Twitter’s limit of 140 characters per tweet makes it difficult to share what’s for dinner, let alone the risks associated with a prescription drug. Current guidelines set by the Food and Drug Administration specify that drug advertisements must be accompanied by adverse effect warnings. However, the extreme space constraints on social media sites mean pharmaceutical companies have to avoid advertising altogether—or do it illegally.
Before April 2, 2009, the FDA was silent about the laws that drug companies were breaking on the web. But during that one day, it issued fourteen warning letters—more than it usually issues in three months. The offenders were all online drug ads, specifically sponsored links, which offer a short blurb about the product with a link to the product’s website. The FDA requested that the companies take their ads down immediately because they did not list medical risks or, in some cases, suggested unapproved uses. Requests from the FDA aren’t friendly: companies that ignore the agency risk being dragged into court, fined or even prosecuted.
The current FDA guidelines treat broadcast, print, and online media identically, but that may soon change. Shelly Burgess, an FDA spokeswoman, says that the agency plans to publish guidelines about Internet and social media promotion of regulated medical products before the end of 2010.
For now, many drug companies abide by what has come to be known as the “one click rule” to address safety concerns. These “one-click” ads contain a link to the insert label, where the adverse effects are listed. The consumer can get the information easily, if he or she clicks it. But the one click rule is not a rule at all. Instead, it’s a voluntary attempt by pharmaceutical companies to reconcile social media with drug ads. The FDA has issued warning letters even to companies that follow the rule.
Other drug companies, though, aren’t trying to follow any rules—official or not. They are undaunted by the FDA’s warnings and are continuing to use social media without even linking directly to adverse effect warnings, according to John Mack, president of VirSci Corporation, a private consulting and publishing company that specializes in pharmaceutical marketing compliance. Rather than having risks one click away, some ads require a click and then a scroll to the bottom of the page, where a viewer then has to follow another link to get the warnings. “Industry is probably trying to ride this wave” of unregulated social media, says Mack. As services like Twitter and Facebook keep growing, companies feel increasingly compelled to use them to interact directly with consumers or to market their brands. “They’re falling all over themselves to get into the game. If you’re not in it, you can’t win it,” says Mack, who is also a blogger at Pharma Marketing Blog. But with looming FDA regulations, “that game will soon be over.”

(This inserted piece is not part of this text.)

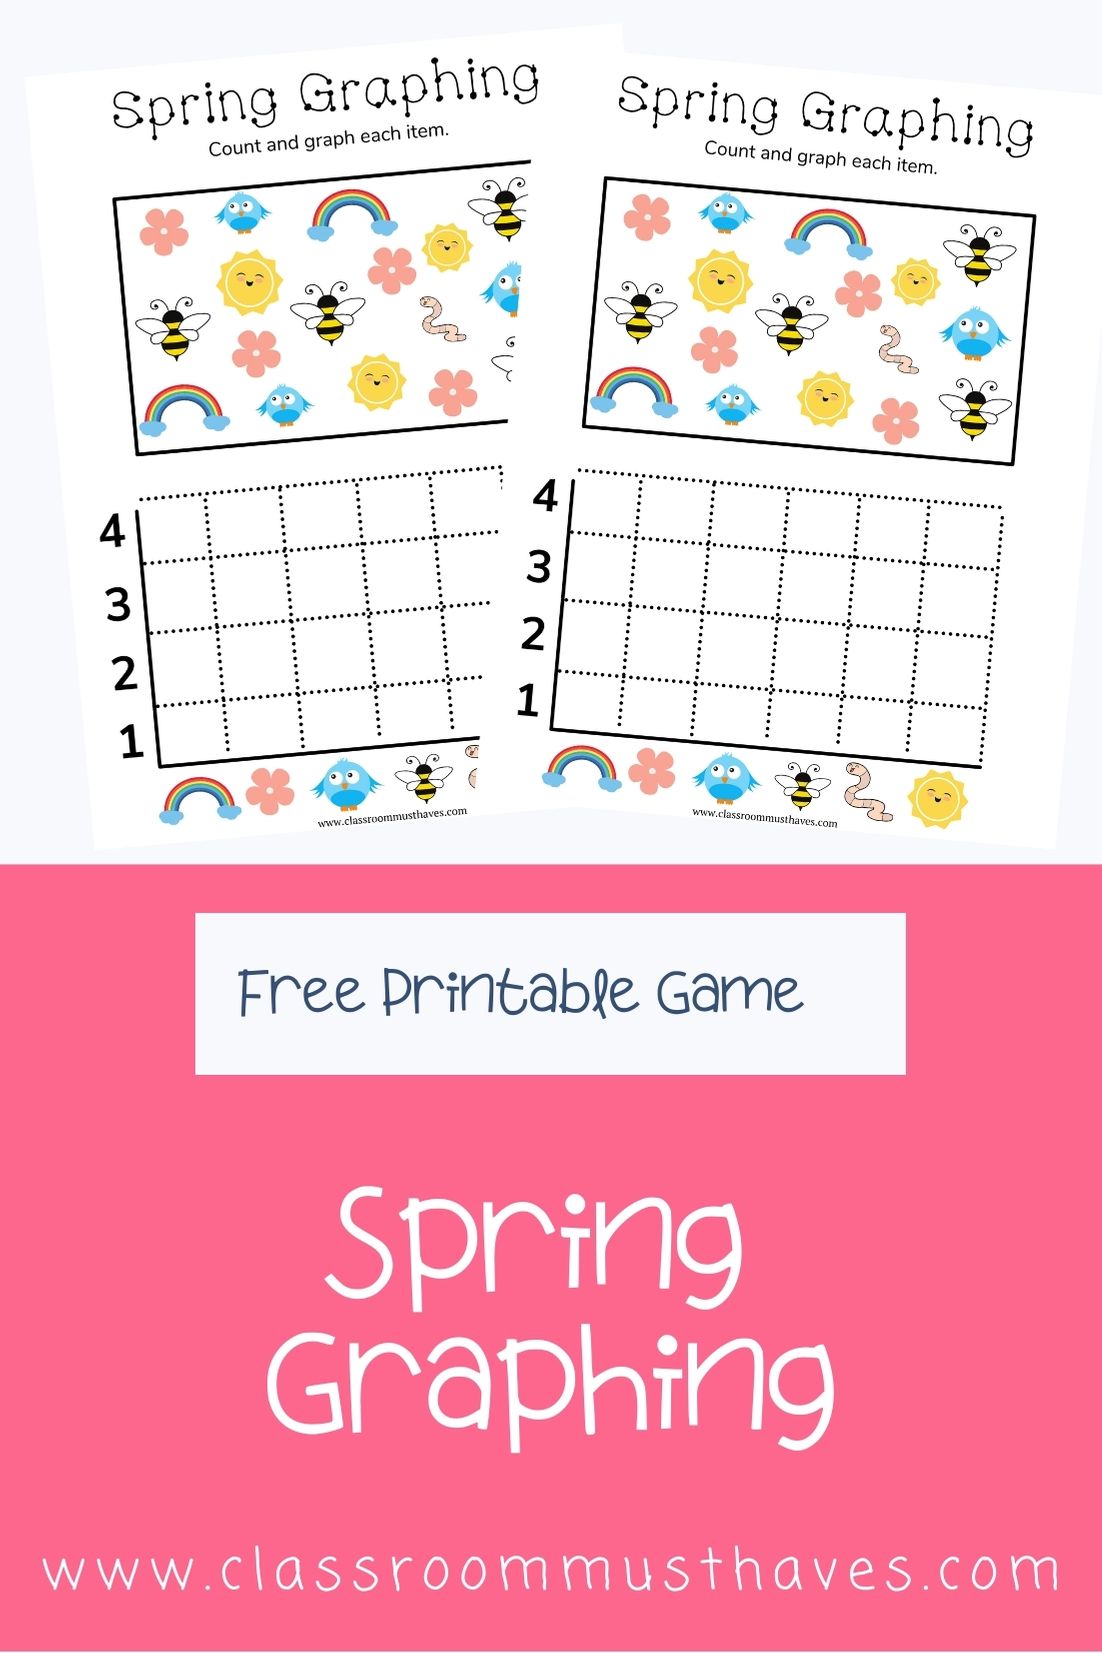 Free Spring Graphing Worksheet! www.classroommusthaves.com via @classroommusthaves

However, Jim Lefevere, a commercial marketer in the health care industry, doubts that the highly anticipated guidelines will actually solve the current problem. “I think that there is some false hope in the industry and expectation that the FDA will provide clear-cut guidelines,” he says. The new guidelines will most likely only emphasize old FDA goals: information in a drug ad must be balanced, and adverse effect warnings must be readily visible and available. Lefevere, who also blogs at The Digital Strategist, explains that because media technologies for advertising are always changing, the FDA doesn’t want to have to scramble to keep up with each innovation. Instead, he says, the agency will focus on how drug ads are presented, not where they’re presented.
Advertising shouldn’t even be the primary way drug companies use social media, according to Silja Chouquet, the owner and CEO of whydot GmbH, an agency specializing in social media consulting, coaching and training. She believes drug companies should more actively engage in social media to build stronger relationships with their audiences. “Attracting followers on Twitter is perceived as a token of trust by the community,” she says, and is “not an invitation to use Twitter as a one-way broadcast channel.”
Lefevere agrees: Drug companies must build their social media strategies around the needs of patients. “If you start with the patient perspective,” he comments, “then it gives you the opportunity to provide valuable information to help that person manage their issue, talk to their doctor more effectively, or connect them to others like them, where they may share, learn and engage.”